Since rejoining the Group to assist in the reactivation of its business operations in 2013, Mr She has
been an Executive Director of the Company working on private equity investments.
Mr She has a deep-rooted and long-standing connection with the Worldsec group of companies, being
one of the co-founding team members at the time when the entities were established in the early 1990s.
For more than a decade that followed and until the disposal by the Group of certain securities
businesses to UOB Kay Hian Holdings Limited in 2002, Mr She held senior management positions at
Worldsec Corporate Finance Limited and Worldsec International Limited with the main responsibility
of developing and overseeing the Group’s corporate finance activities.
Prior to his tenure at the Worldsec group of companies, Mr She was an Investment Analyst and an
Associate Director at James Capel (Far East) Limited where he was primarily responsible for equity
research in the real estate sector.
Mr She graduated from the University of Toronto with a Bachelor of Applied Science degree in
Industrial Engineering and earned a Master of Science degree in Management Science specialising in
Operational Research from the Imperial College of Science and Technology. Mr She is a Chartered
Financial Analyst and a fellow of the Hong Kong Securities and Investment Institute.
From 2004 to 2010, Mr She served as an Independent Non-Executive Director and the Chairman of
the Audit Committee of New Island Printing Holdings Limited, a company listed on the Main Board
of The Stock Exchange of Hong Kong Limited.
Mark Chung Fong - Non-Executive Director - aged 73
Mr Fong was an Executive Director for China development of Grant Thornton International Ltd, a
corporation incorporated in England and had retired from Grant Thornton effective from 1 January
2014. He has more than 40 years’ experience in the accounting profession. Mr Fong obtained a
bachelor’s degree in science from the University College, London in August 1972 and a Master’s
degree in science from the University of Surrey in December 1973. He has been a Fellow of the
Institute of Chartered Accountants in England and Wales since January 1983 and a Fellow of the
Hong Kong Institute of Certified Public Accountants (“HKICPA”) since March 1986. He was the
President of the HKICPA in 2007. He has been appointed as the Chairman of the Audit Committee of
HKICPA from 2016 to January 2019 and has also served on the Council of the Institute of Chartered
Accountants in England and Wales from 2016 to 2018.
WORLDSEC LIMITED
Page 74
BIOGRAPHICAL NOTES OF THE DIRECTORS (CONTINUED)

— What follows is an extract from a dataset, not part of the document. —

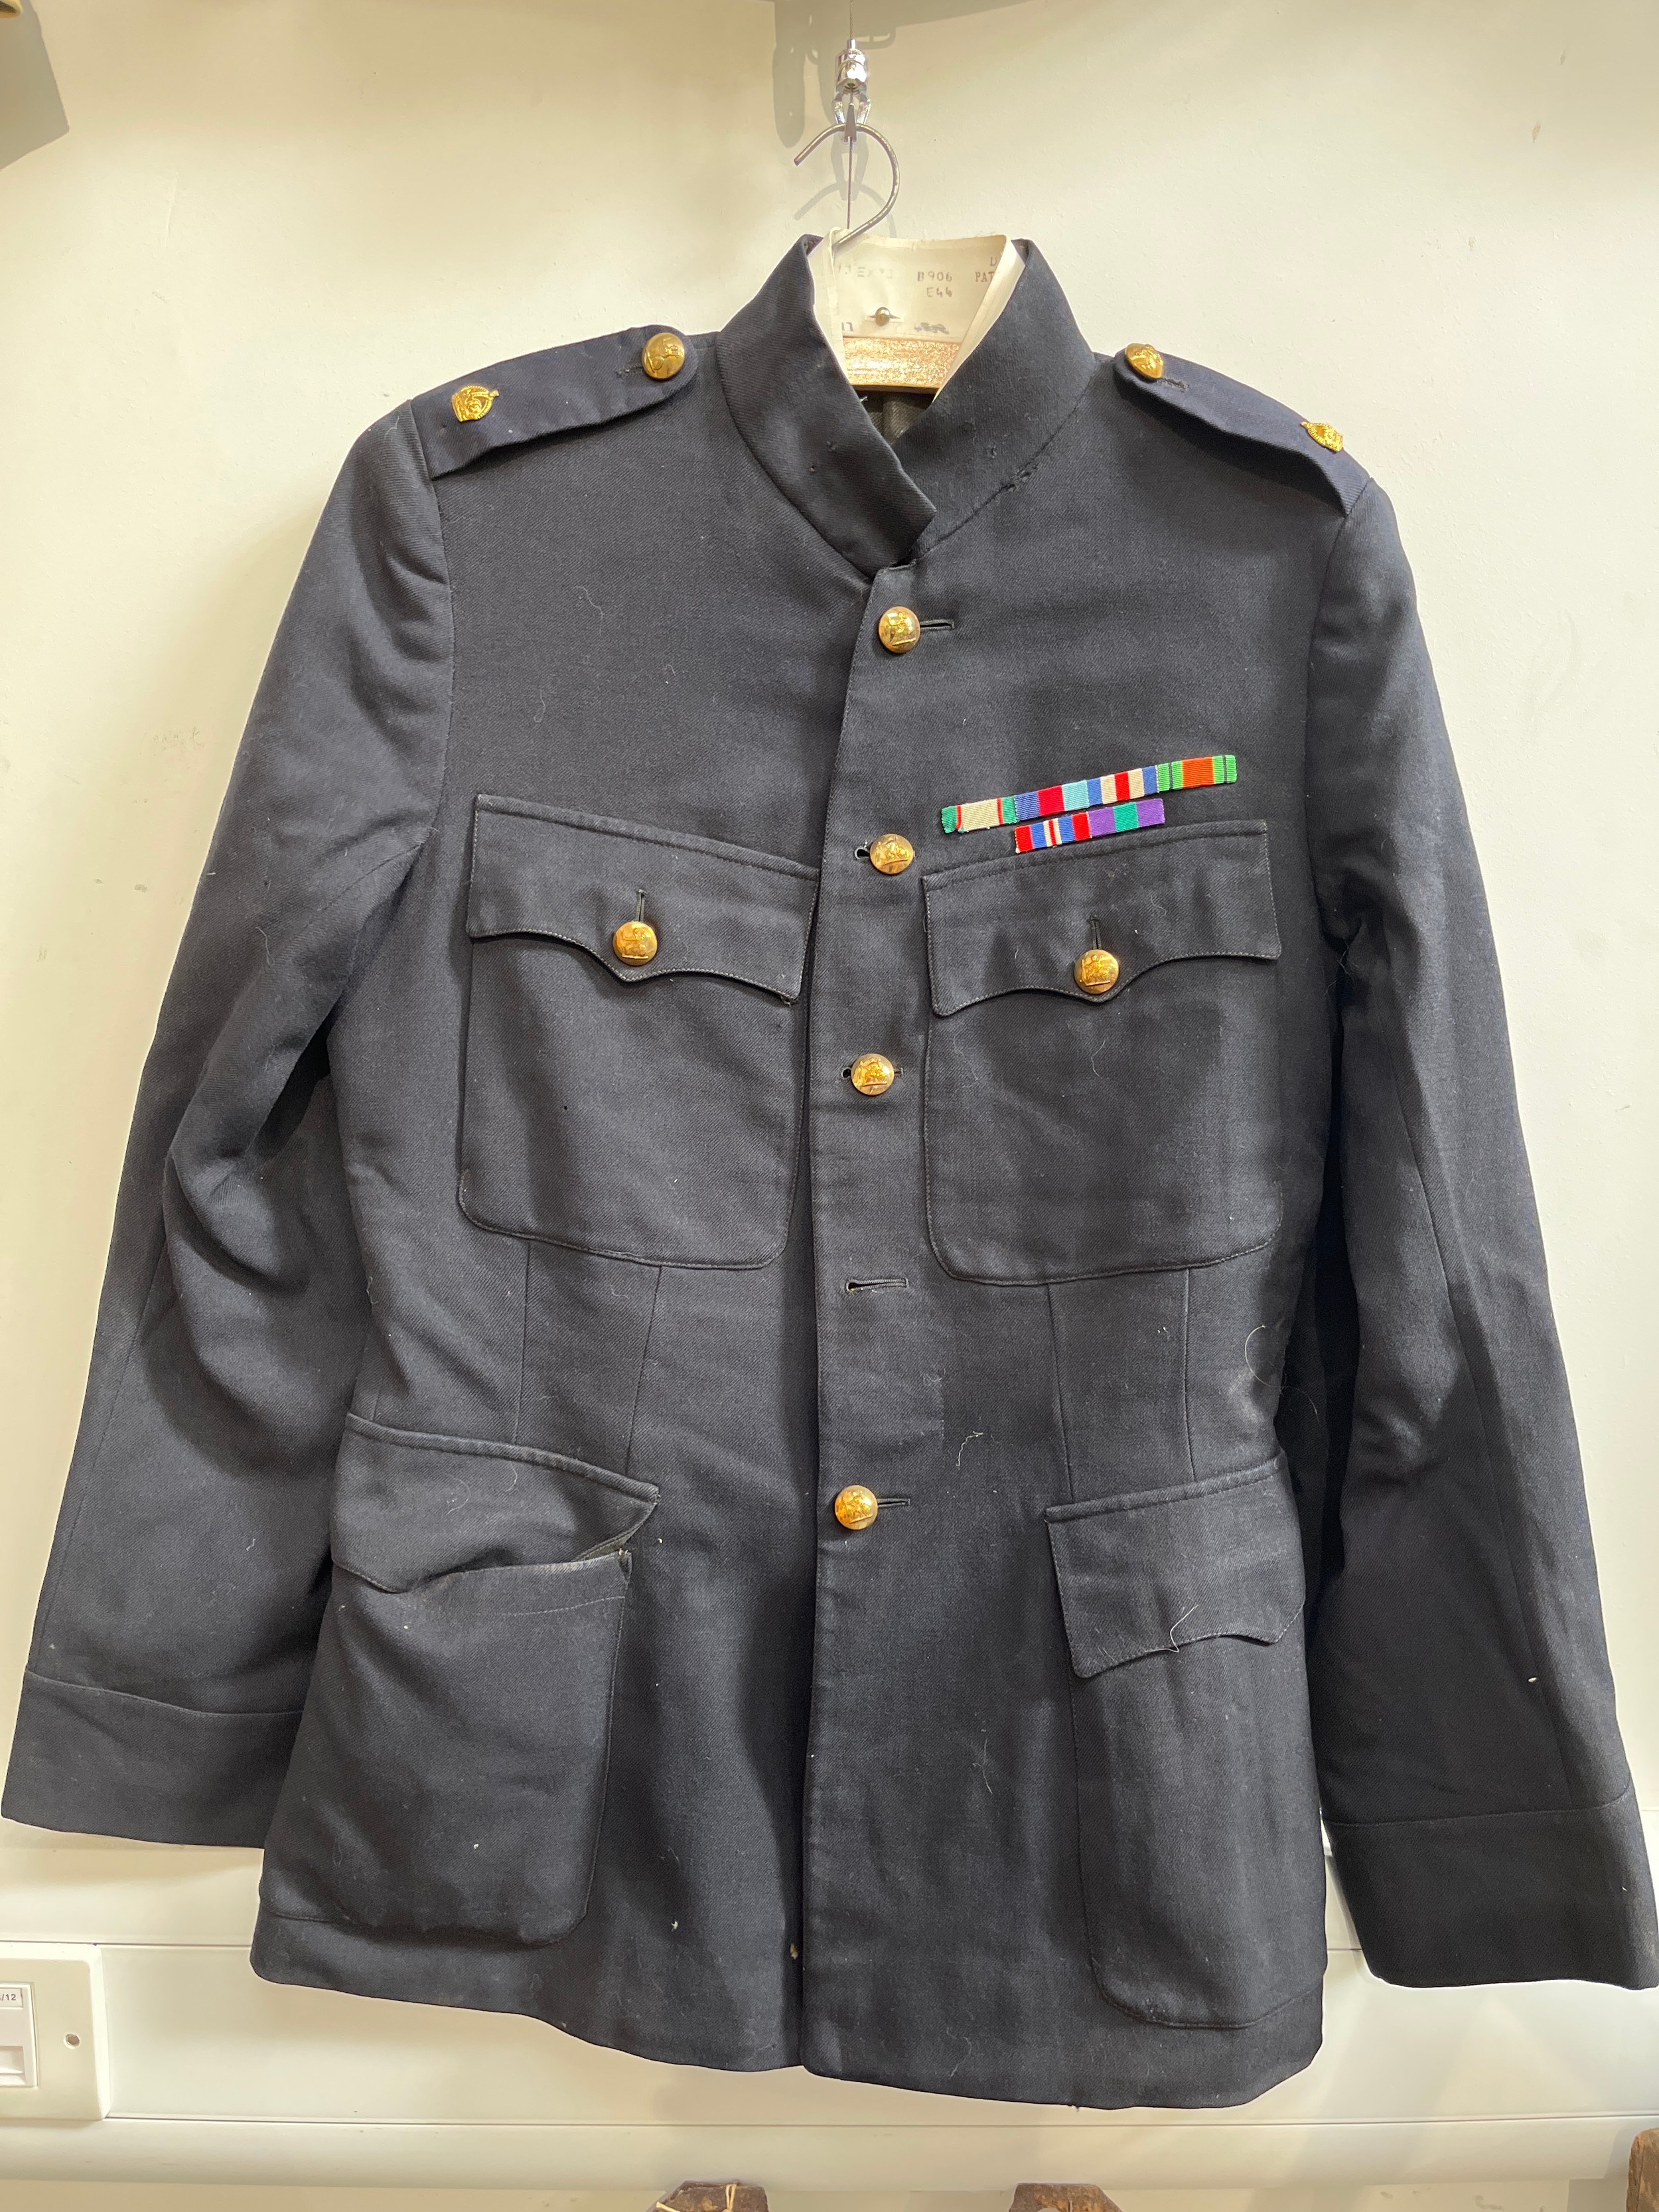 A Norfolk Regiment officer's dress jacket

Martyn Stuart Wells - Non-Executive Director – aged 80
Mr Wells was formerly an Executive Director of Citicorp International Limited and has over 30 years
experience in the securities industry. In 1969 he joined Vickers da Costa, international stockbrokers.
He was involved in the fund management industry for 20 years and participated in the launch of
several country funds investing in the Asian region, serving as a director or as a member of the
investment advisory councils of several of those funds. He lived in Hong Kong for almost 28 years
and since 2000 has resided in England.
Stephen Lister d’Anyers Willis - Non-Executive Director – aged 70
Mr Willis is a financial services professional specialising in Asia and global investing. He has been
involved with Asia for over 35 years firstly with Standard Chartered Bank and subsequently with the
Asian specialist stockbroker, Vickers da Costa and a number of other investment banking firms.